Source data -
------------------------------

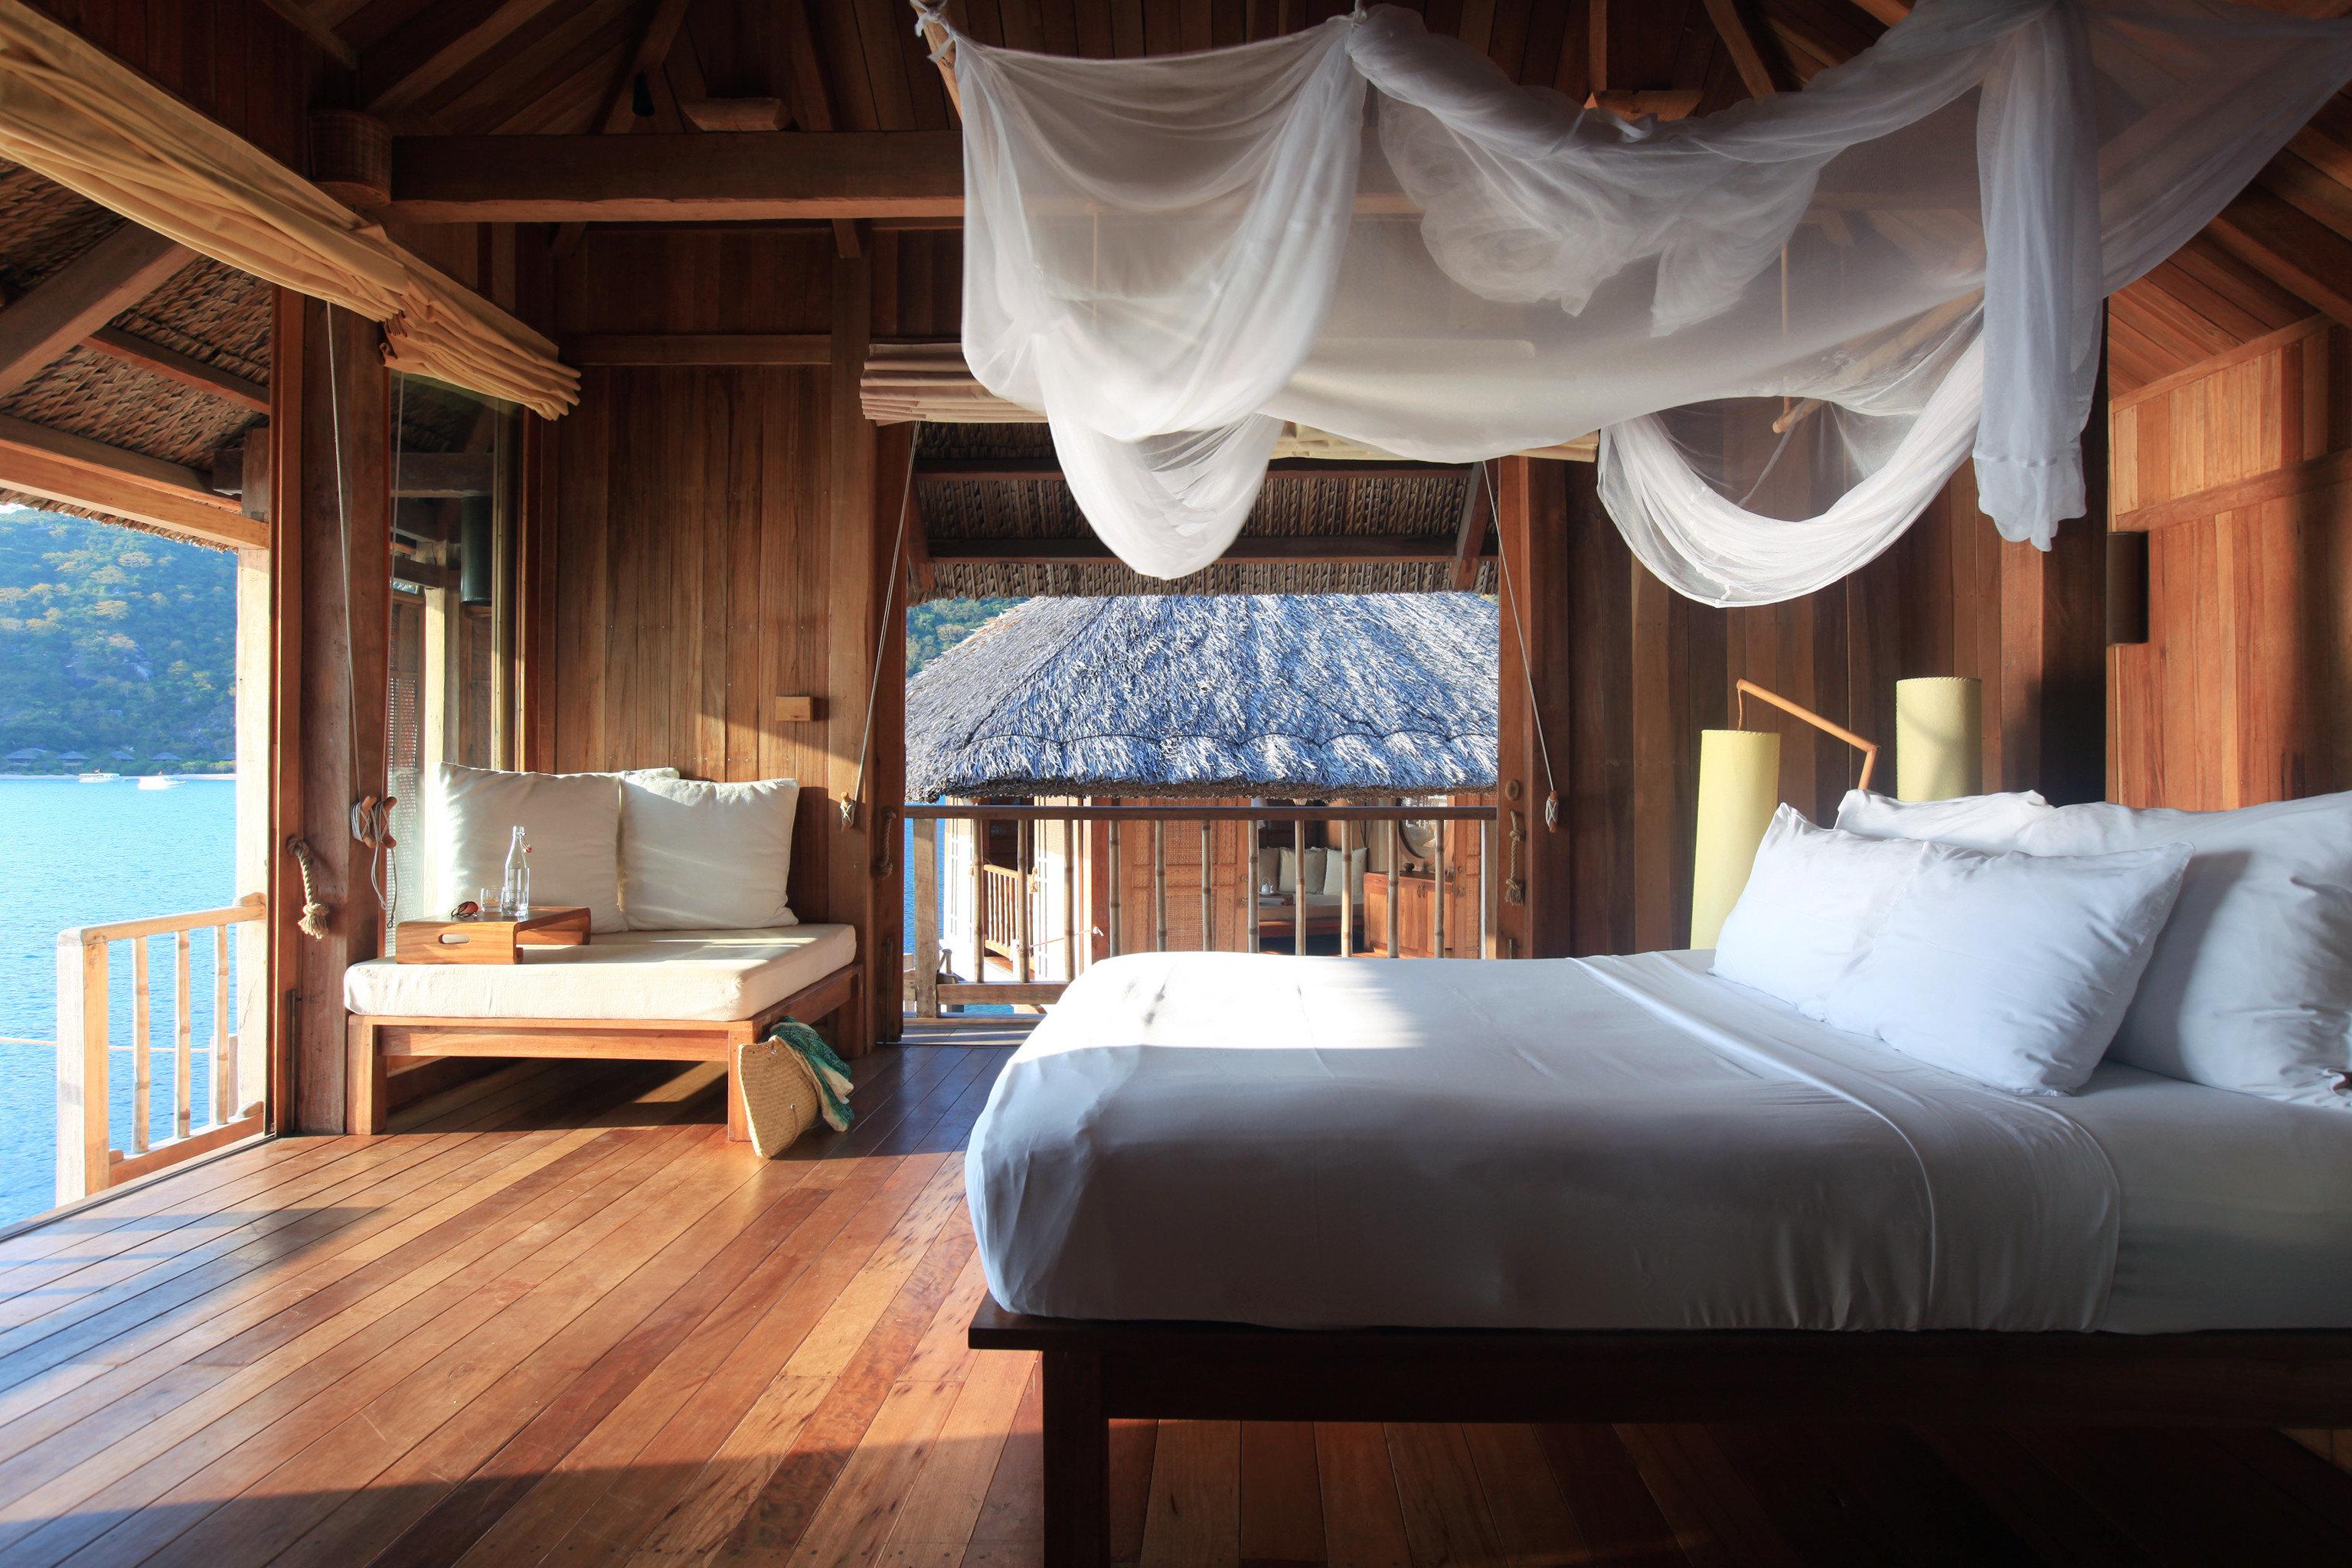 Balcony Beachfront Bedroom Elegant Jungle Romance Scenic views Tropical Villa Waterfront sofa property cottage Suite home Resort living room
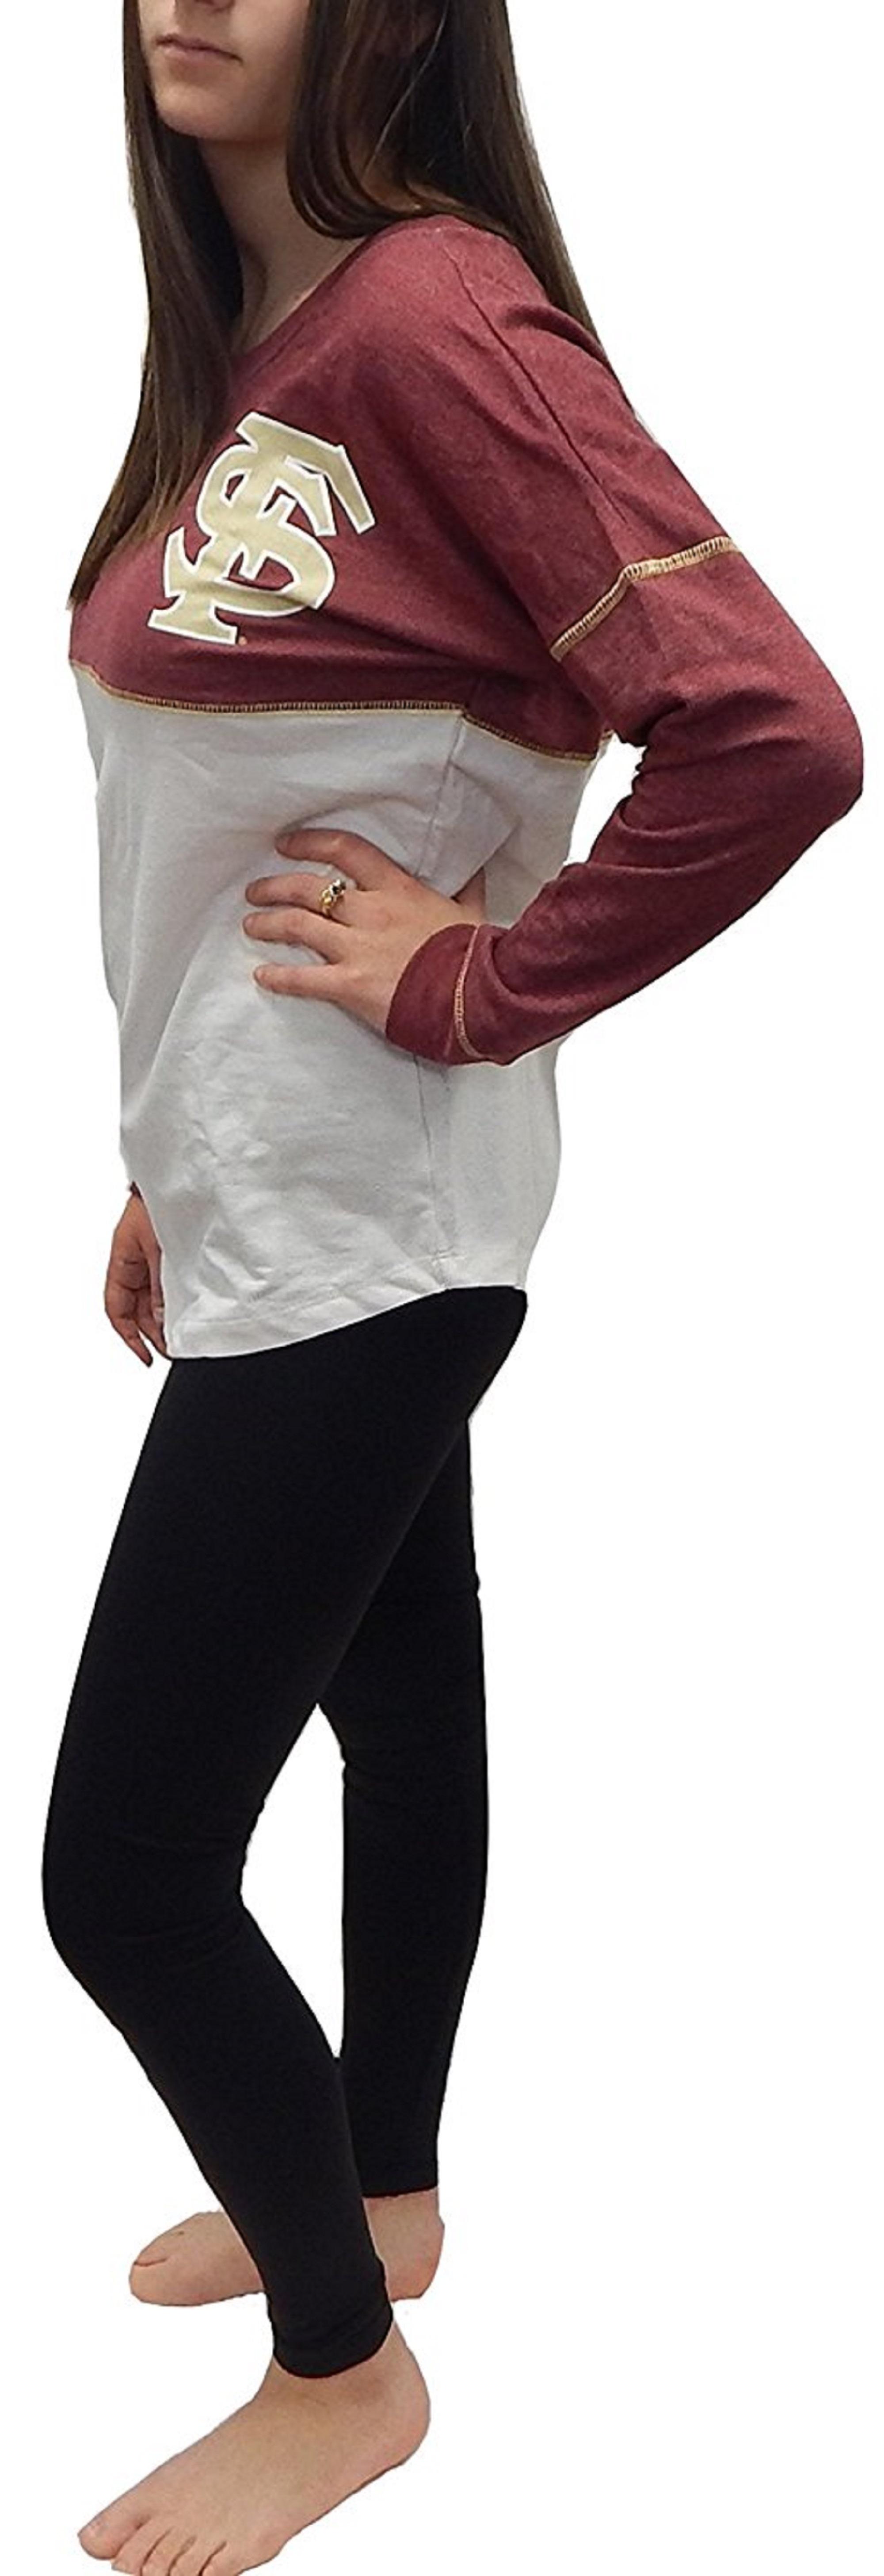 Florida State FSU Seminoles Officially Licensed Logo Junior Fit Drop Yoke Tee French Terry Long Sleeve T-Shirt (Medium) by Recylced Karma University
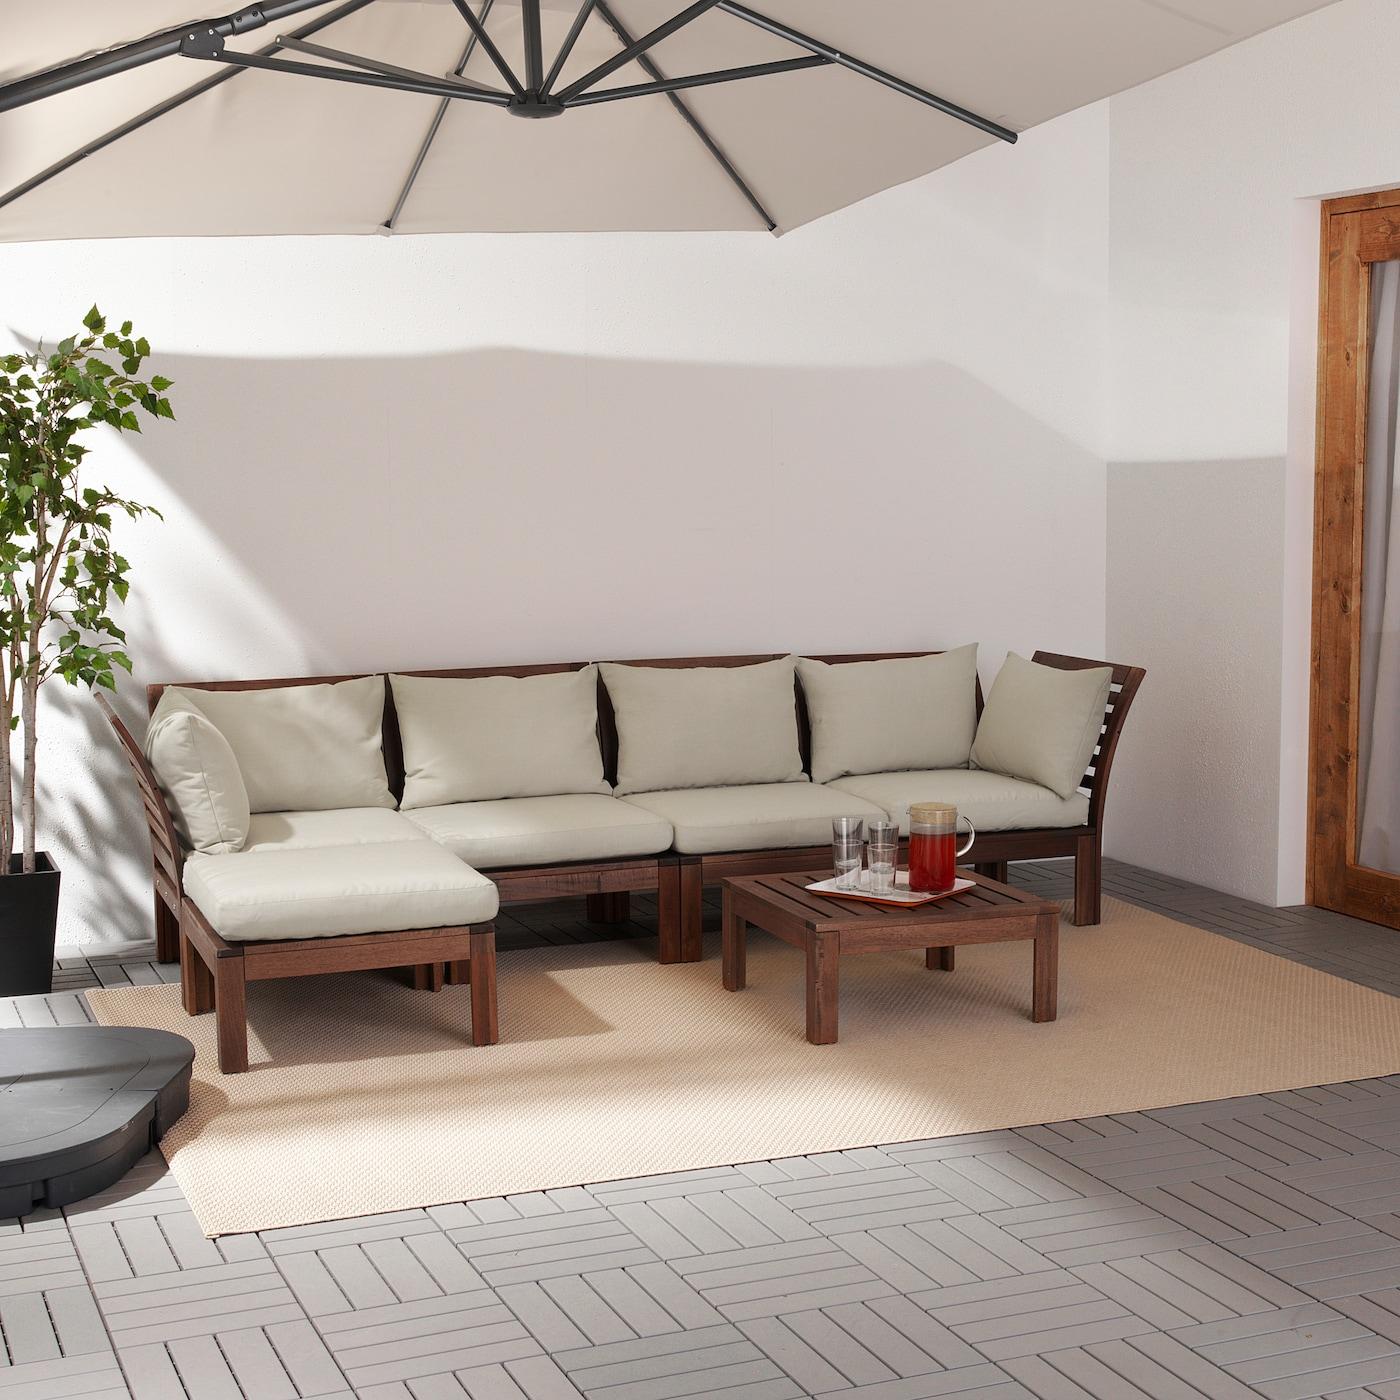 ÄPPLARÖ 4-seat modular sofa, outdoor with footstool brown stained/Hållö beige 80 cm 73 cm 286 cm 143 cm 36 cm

------------------------------

Aim of the task -
Exclude all pictures and return precisely the lines from the one containing "Florida State FSU" through the closing line of the data.

Reply to the exercise -
 Florida State FSU Seminoles Officially Licensed Logo Junior Fit Drop Yoke Tee French Terry Long Sleeve T-Shirt (Medium) by Recylced Karma University
 ÄPPLARÖ 4-seat modular sofa, outdoor with footstool brown stained/Hållö beige 80 cm 73 cm 286 cm 143 cm 36 cm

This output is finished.